I've uploaded a small repro example at GitHub - allevato/objc-generics-swift-metadata-accessors-weirdness.

First, let's look at a native Swift class as the baseline:

let obj = NativeSwift<NSString>()

Looking at the IR, we see that it calls __swift_instantiateConcreteTypeFromMangledName using the mangled name of the symbol, and that name includes the bound generic parameters:

  %0 = call ptr @__swift_instantiateConcreteTypeFromMangledName(ptr @"$s4main11NativeSwiftCySo8NSStringCGMD") #10
  %1 = call swiftcc ptr @"$s4main11NativeSwiftCACyxGycfC"(ptr swiftself %0)

This works and doesn't pose any linker issues because there are references to other symbols from the class.
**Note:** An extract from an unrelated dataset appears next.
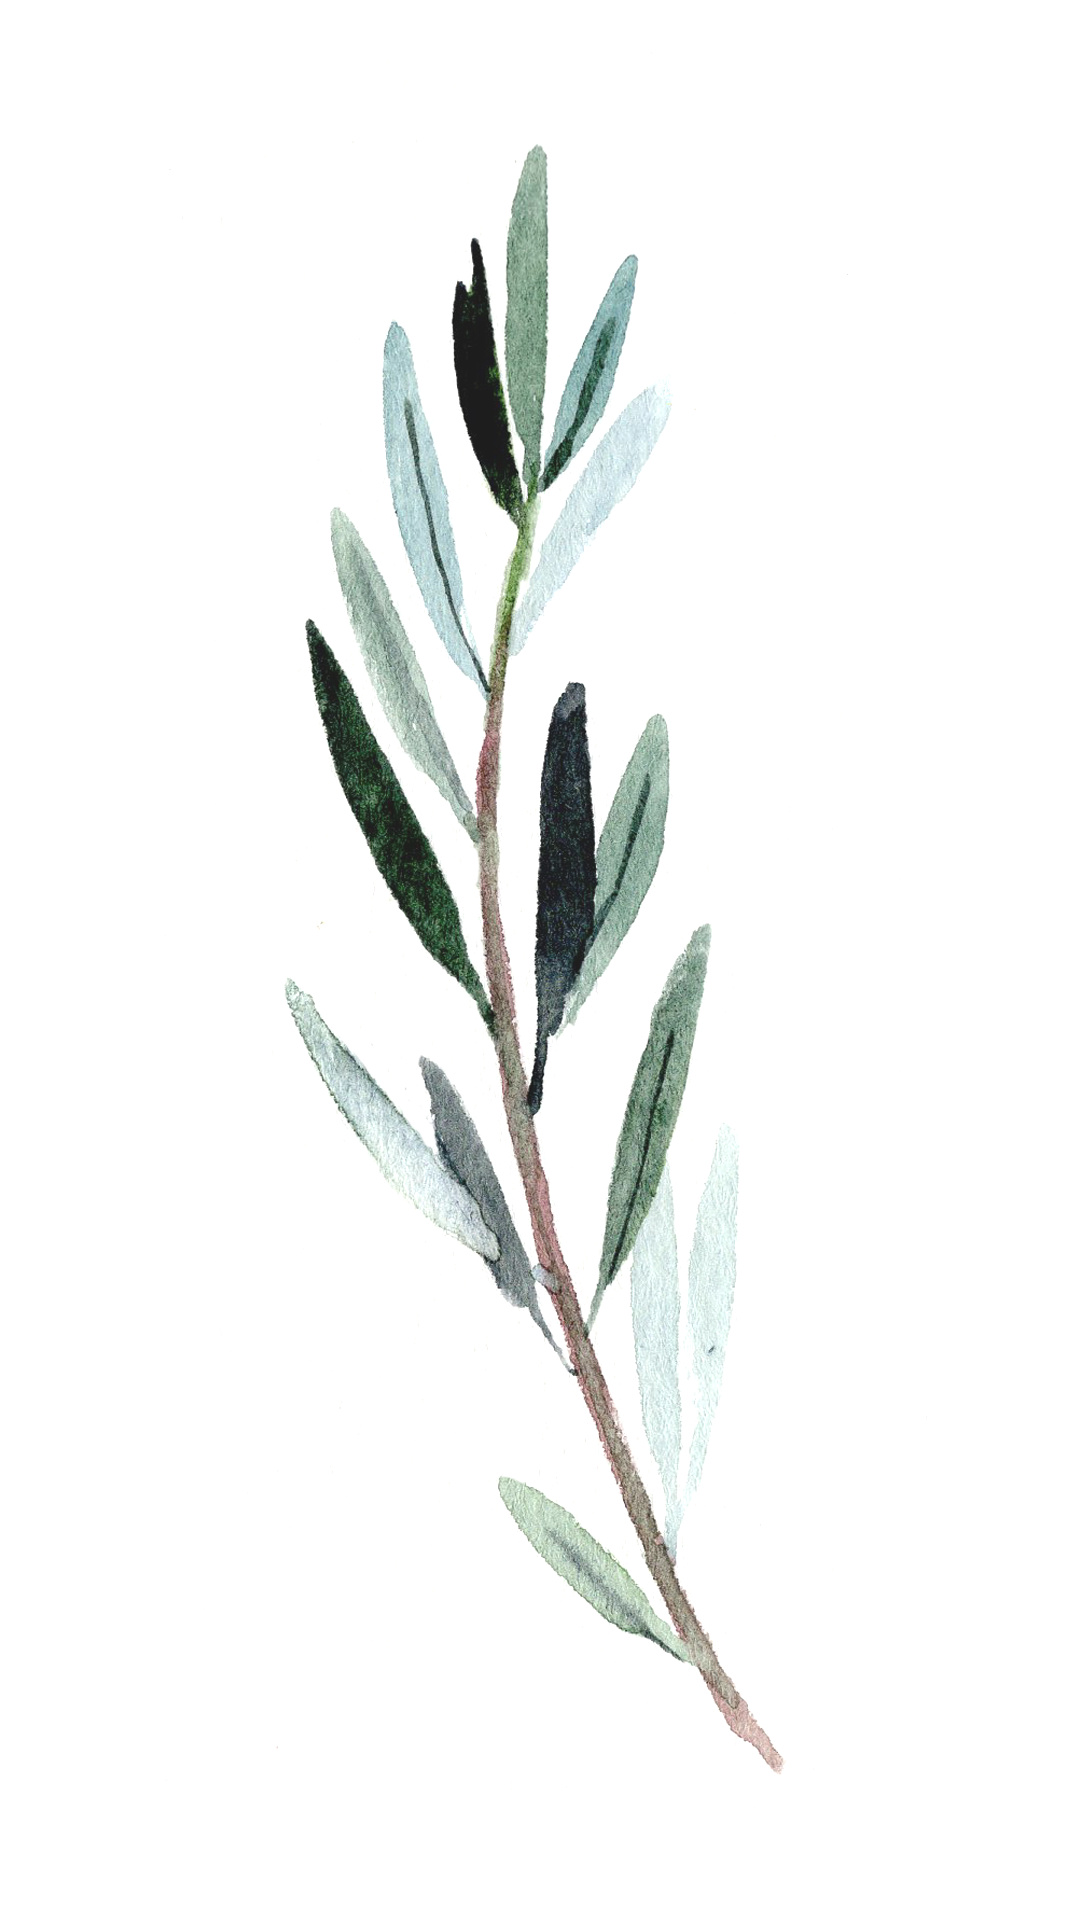 Olive: The leaves are evergreen and have a silvery-green color on the top. 1080x1920 Full HD Wallpaper.

Next, the metadata for a non-generic Obj-C class:

let obj = NonGenericList()

Here, the compiler generates a direct reference to the _OBJC_CLASS_REF_$ symbol for the class, so the linker won't strip it.
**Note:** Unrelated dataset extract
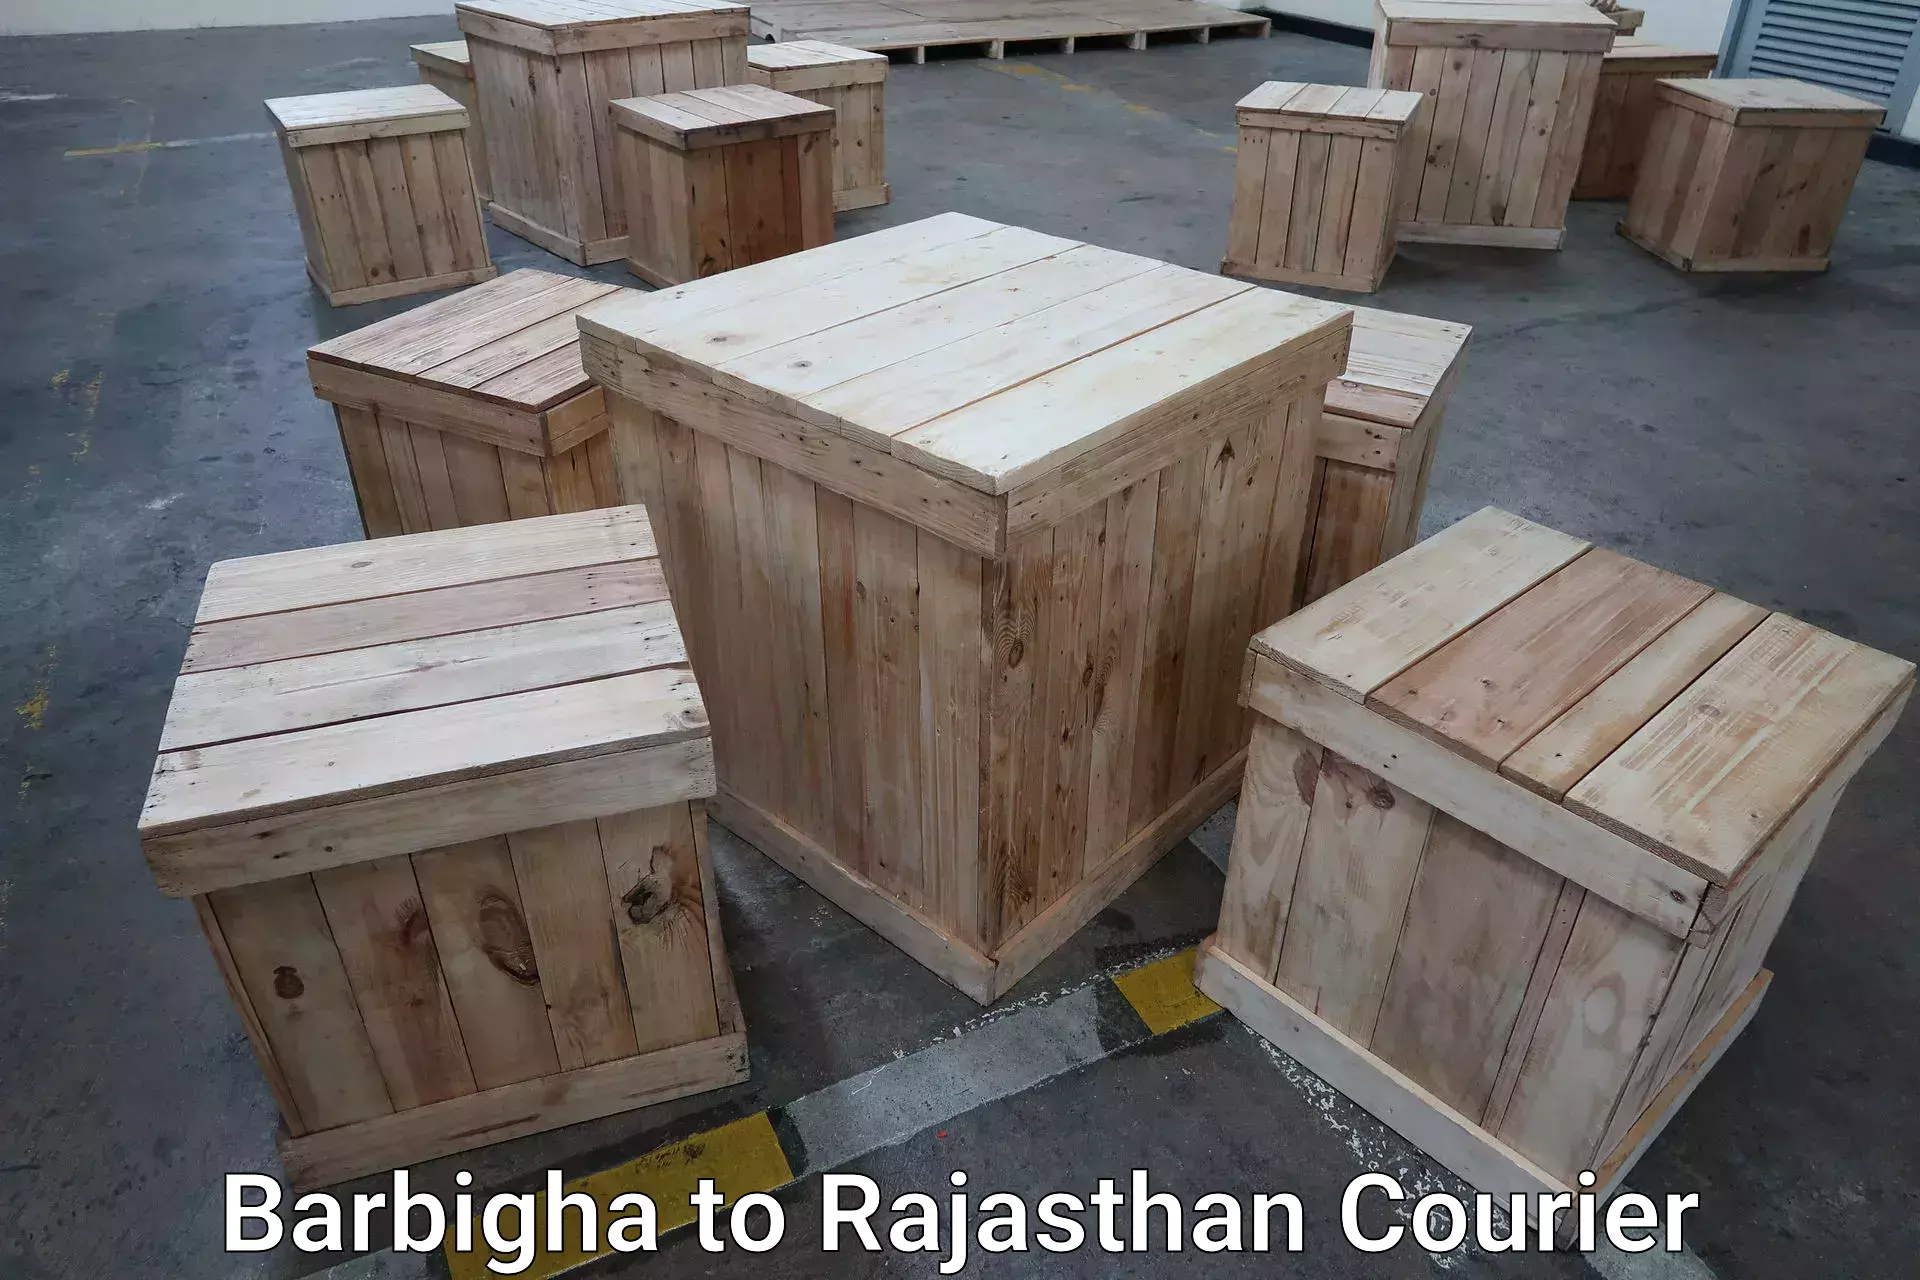 Luggage transport consulting Barbigha to Makrana

  %0 = call swiftcc %swift.metadata_response @"$sSo14NonGenericListCMa"(i64 0) #11
  %1 = extractvalue %swift.metadata_response %0, 0
  %2 = call swiftcc ptr @"$sSo14NonGenericListCABycfC"(ptr swiftself %1)
  // ...

define linkonce_odr hidden swiftcc %swift.metadata_response @"$sSo14NonGenericListCMa"(i64 %0) #6 {
  // ...
  %3 = load ptr, ptr @"OBJC_CLASS_REF_$_NonGenericList", align 8
  %4 = call ptr @objc_opt_self(ptr %3) #5
  %5 = call ptr @swift_getObjCClassMetadata(ptr %4) #7

Where things get weird is when the Obj-C class is generic:

let obj = GenericList<NSString>()
  %0 = call ptr @__swift_instantiateConcreteTypeFromMangledName(ptr @"$sSo11GenericListCMD") #10
  %1 = call swiftcc %swift.metadata_response @"$sSo8NSStringCMa"(i64 0) #11
  %2 = extractvalue %swift.metadata_response %1, 0
  %3 = call swiftcc ptr @"$sSo11GenericListCAByxGycfC"(ptr %2, ptr swiftself %0)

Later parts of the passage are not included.